BEGIN Dataset extract

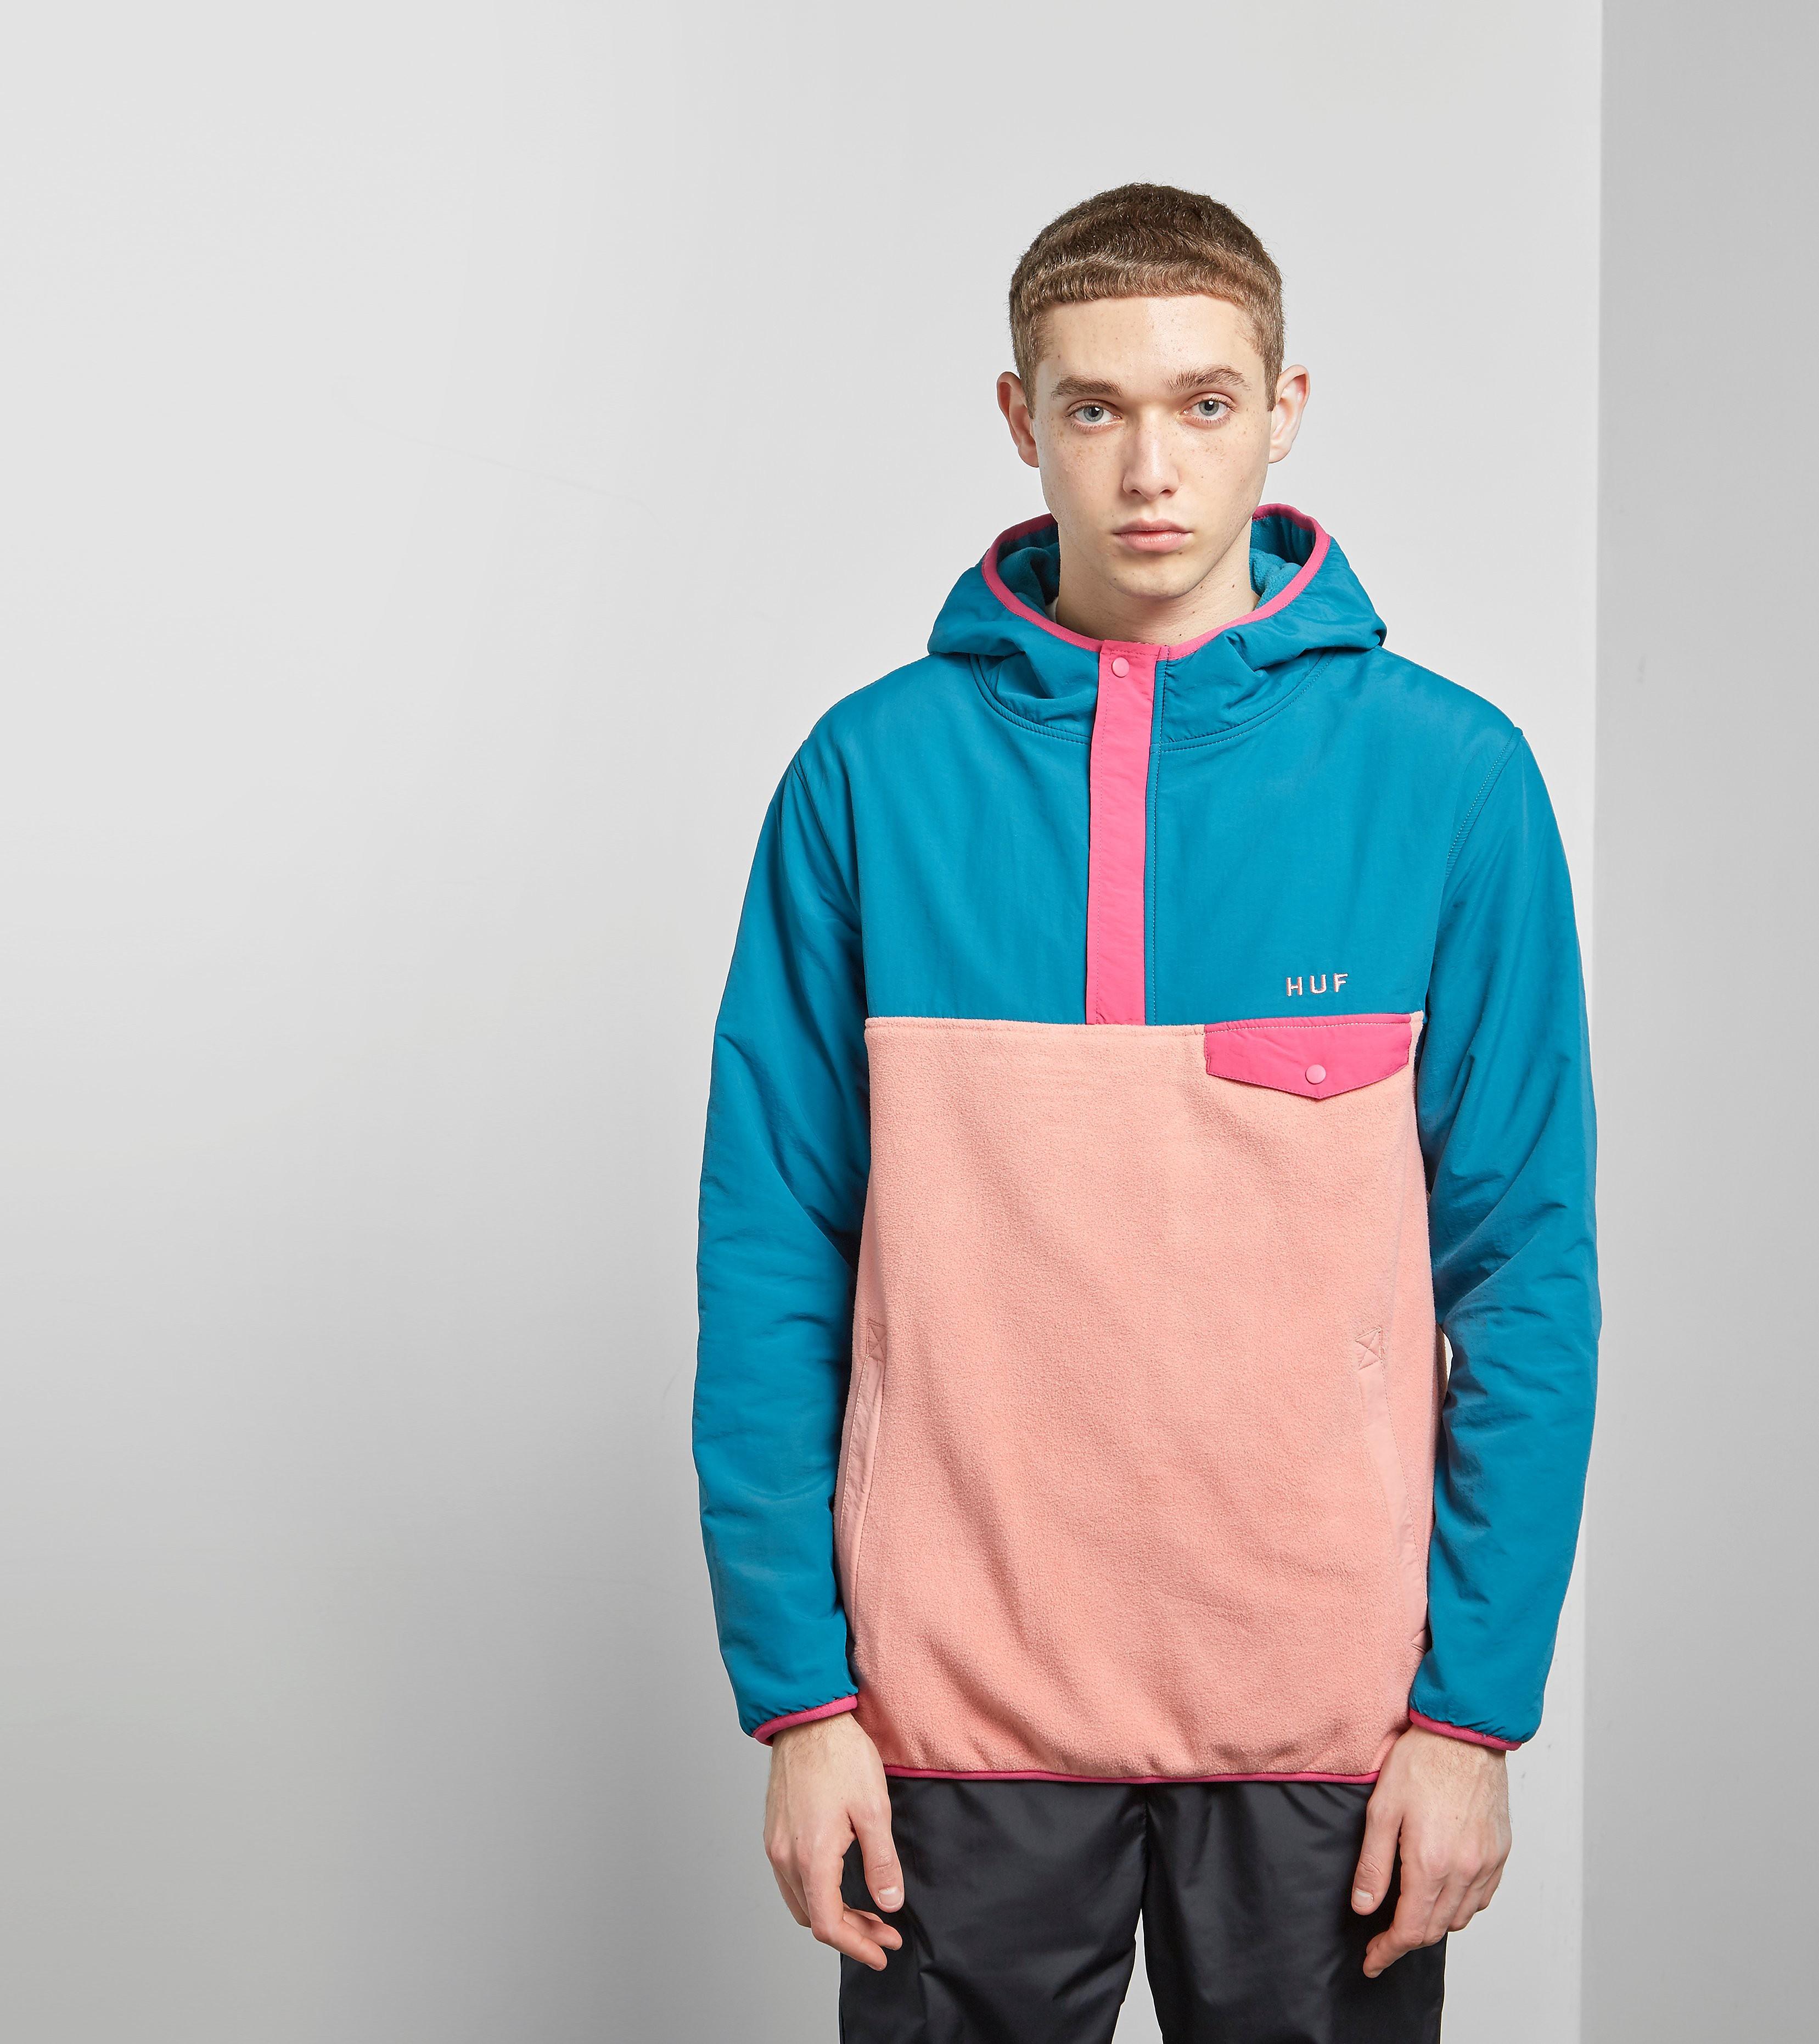 HUF Muir Half Zip Jacket
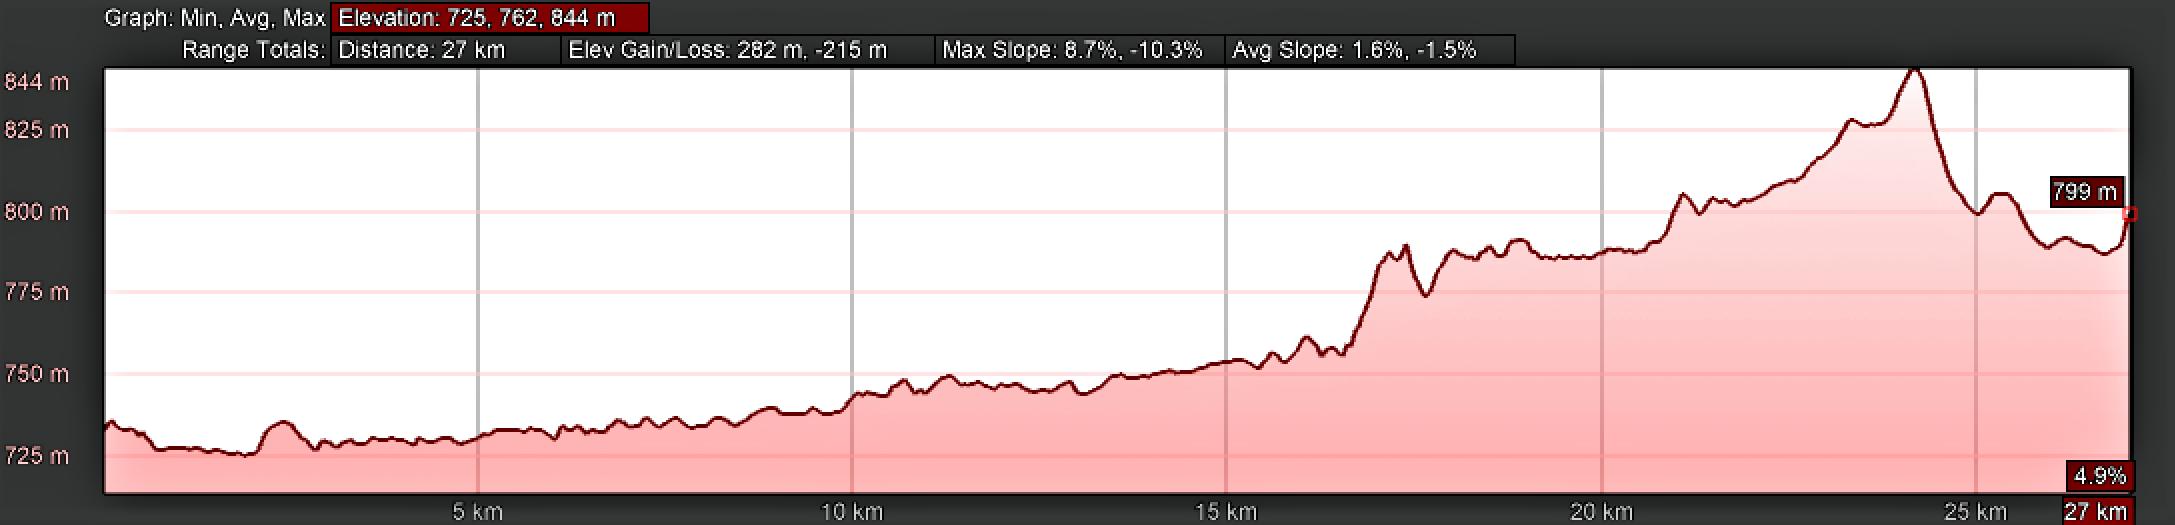 Elevation Profile, Camino Sanabrés, Santa Marta de Tera to Rionegro del Puente
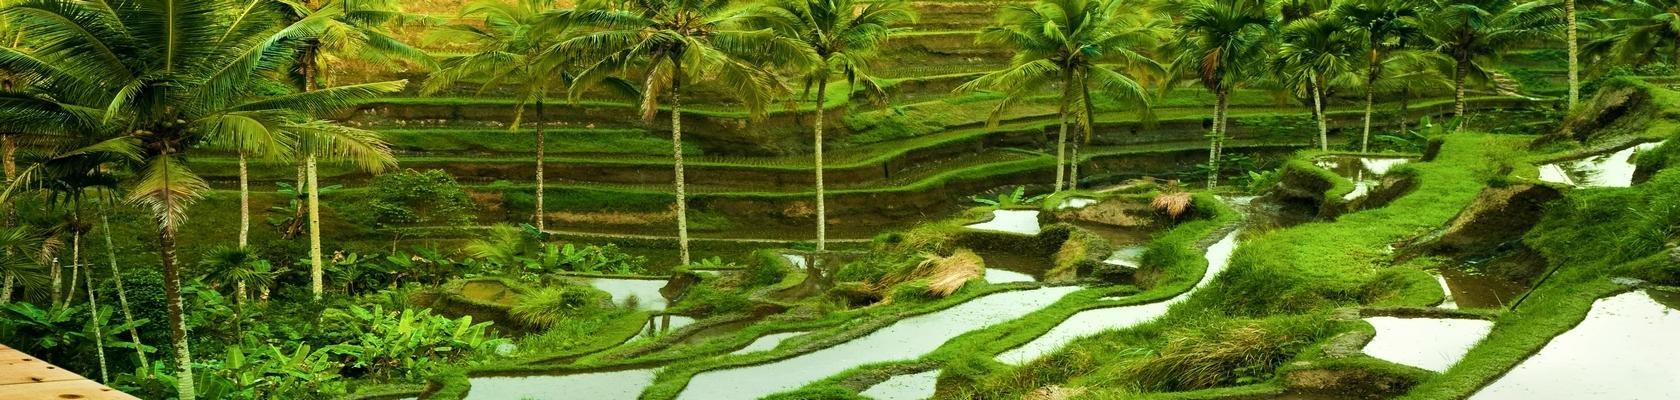 Prachtige treinreis door de rijstvelden
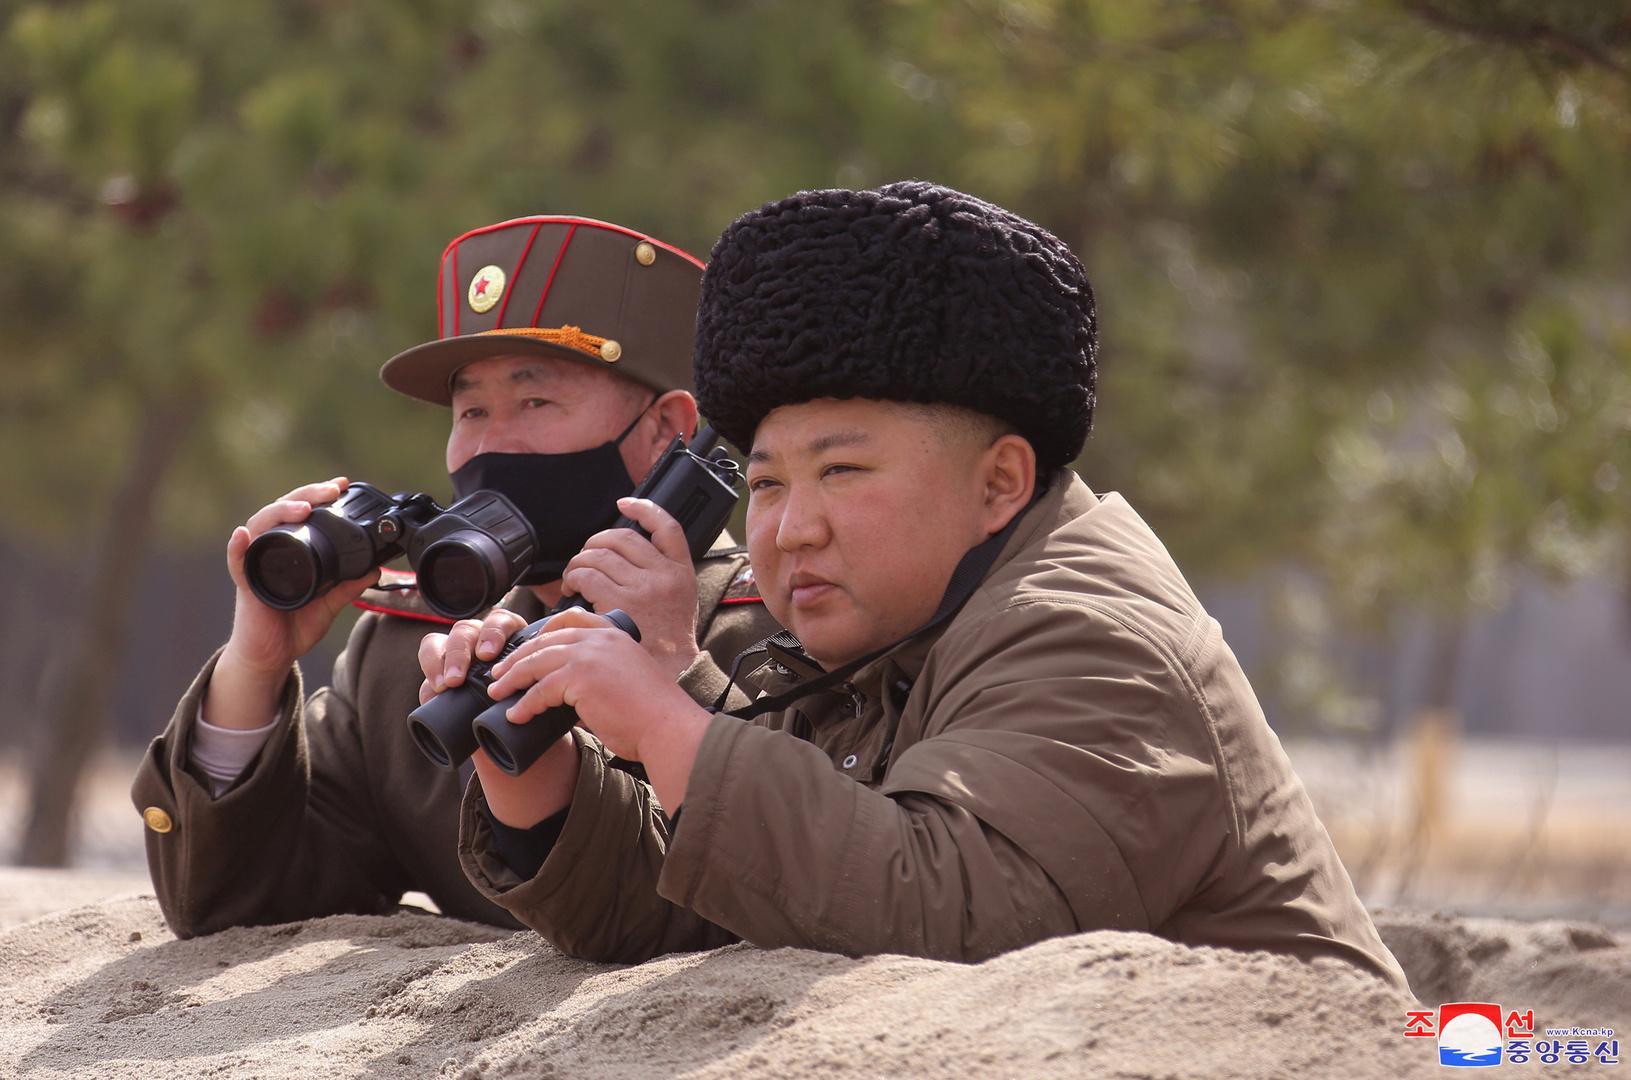 زعيم كوريا الشمالية يشرف على تجارب صاروخية ومدفعية

END Dataset extract

→ What you should do
Everything in the data except the pictures must be transcribed exactly.

→ Completed exercise
 HUF Muir Half Zip Jacket
 Elevation Profile, Camino Sanabrés, Santa Marta de Tera to Rionegro del Puente
 Prachtige treinreis door de rijstvelden
 زعيم كوريا الشمالية يشرف على تجارب صاروخية ومدفعية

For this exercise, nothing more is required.